Low-Grade Inflammation Is a Risk Factor for Clinical Stroke Events in Addition to Silent Cerebral Infarcts in Japanese Older Hypertensives
The Jichi Medical School ABPM Study, Wave 1
Background and Purpose— High-sensitivity C-reactive protein (hsCRP), a marker of inflammation, is associated with atherosclerosis, hypertensive target organ damage, and cardiovascular events. In the general Japanese population, the level of hsCRP is reported to be lower than that in Western countries, and the relationships among hsCRP, silent cerebral infarcts (SCIs), and clinical stroke events in older Japanese hypertensives remain unclear.

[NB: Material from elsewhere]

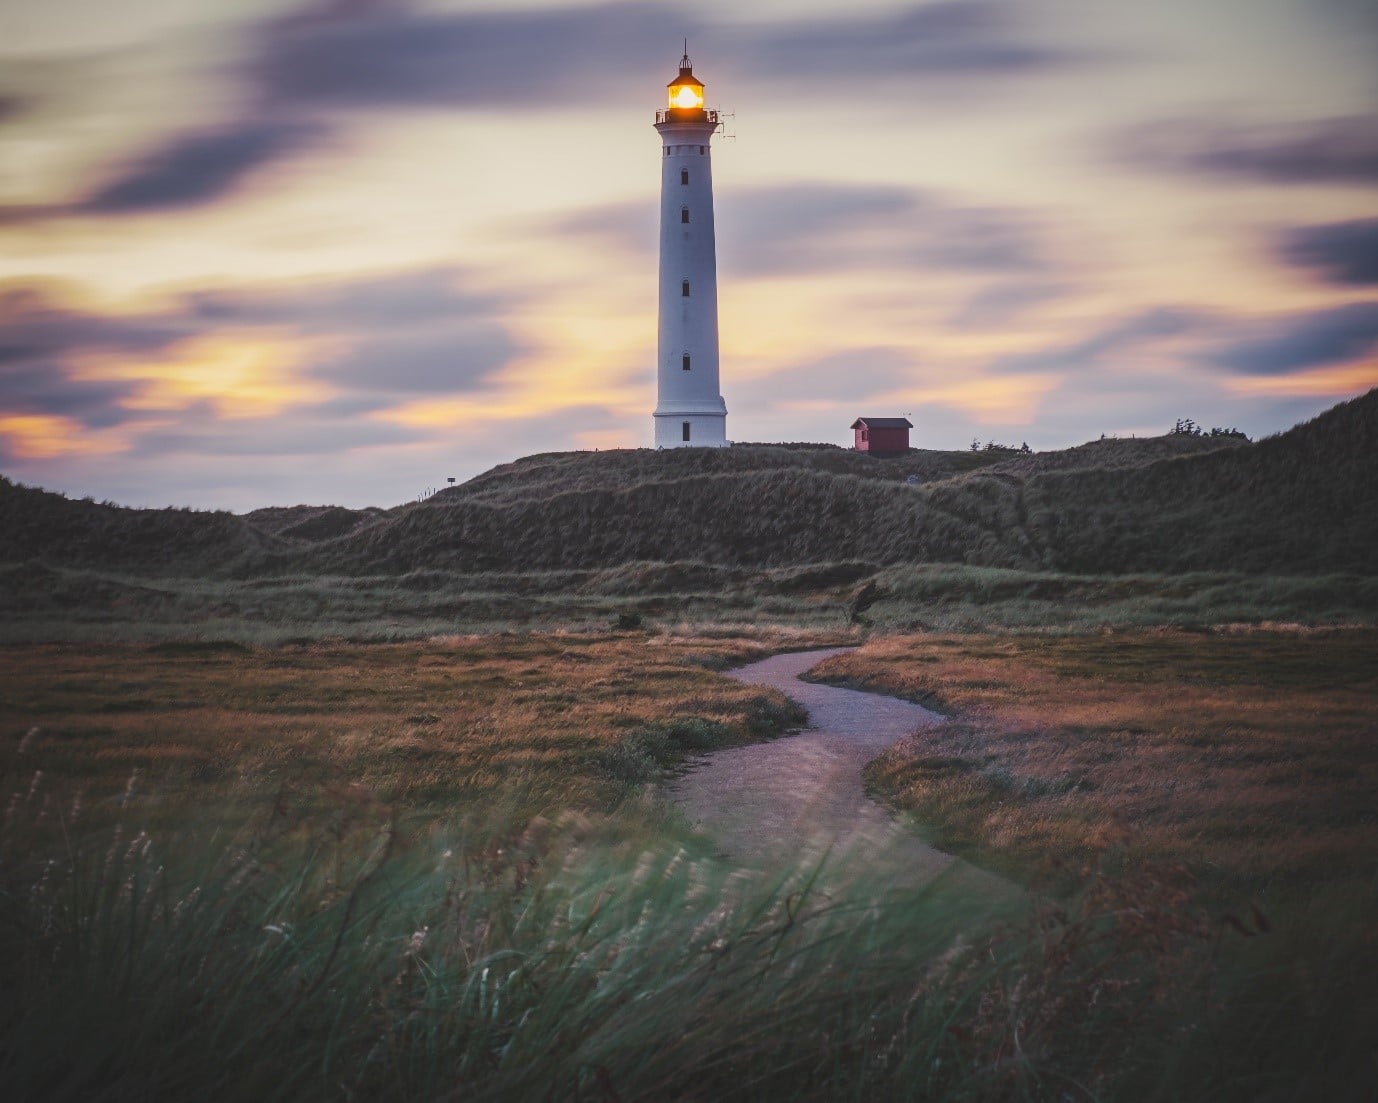 Leuchttrum Fyr in Dänemark - Dänemarks Westküste

Methods— We conducted brain MRI and measured hsCRP at baseline in 514 older Japanese hypertensives (clinic blood pressure ≥140/90 mm Hg, age ≥50 years old) who were enrolled in the Jichi Medical School ABPM Study, wave 1. They were followed up for an average of 41 months (range: 1 to 68 months, 1751 person-years) and the incidence of subsequent clinical stroke events was evaluated.
Results— The subjects with SCIs at baseline (n=257) had a higher hsCRP level than those without SCIs (geometric mean hsCRP [SD range]; 0.19 [0.18 to 0.21] versus 0.14 [0.13 to 0.16] mg/L, P=0.007) after adjustment for confounding factors, and the OR for the presence of SCIs was increased with the quartile of hsCRP levels. In Cox regression analysis, the patients with above median hsCRP level (≥0.21 mg/L) (hazard ratio [HR]: 2.50, 95% CI: 1.24 to 5.00, P=0.01) and those with SCIs (HR: 4.60, 95% CI: 1.91 to 11.03, P=0.001) at baseline had independently higher risks for clinical stroke events after adjustment for age, smoking status, antihypertensive medication use, and 24-hour systolic blood pressure level. Compared with the patients with below median hsCRP level without SCIs, those with above median hsCRP level and SCIs at baseline had a higher risk for clinical stroke events (HR: 7.32, 95% CI: 2.17 to 24.76, P=0.001), although those with below median hsCRP level and SCIs (HR: 2.46, 95% CI: 0.64 to 9.47, P=0.19) and those with above median hsCRP level without SCIs (HR: 1.11, 95% CI: 0.22 to 5.55, P=0.90) did not have significant risks.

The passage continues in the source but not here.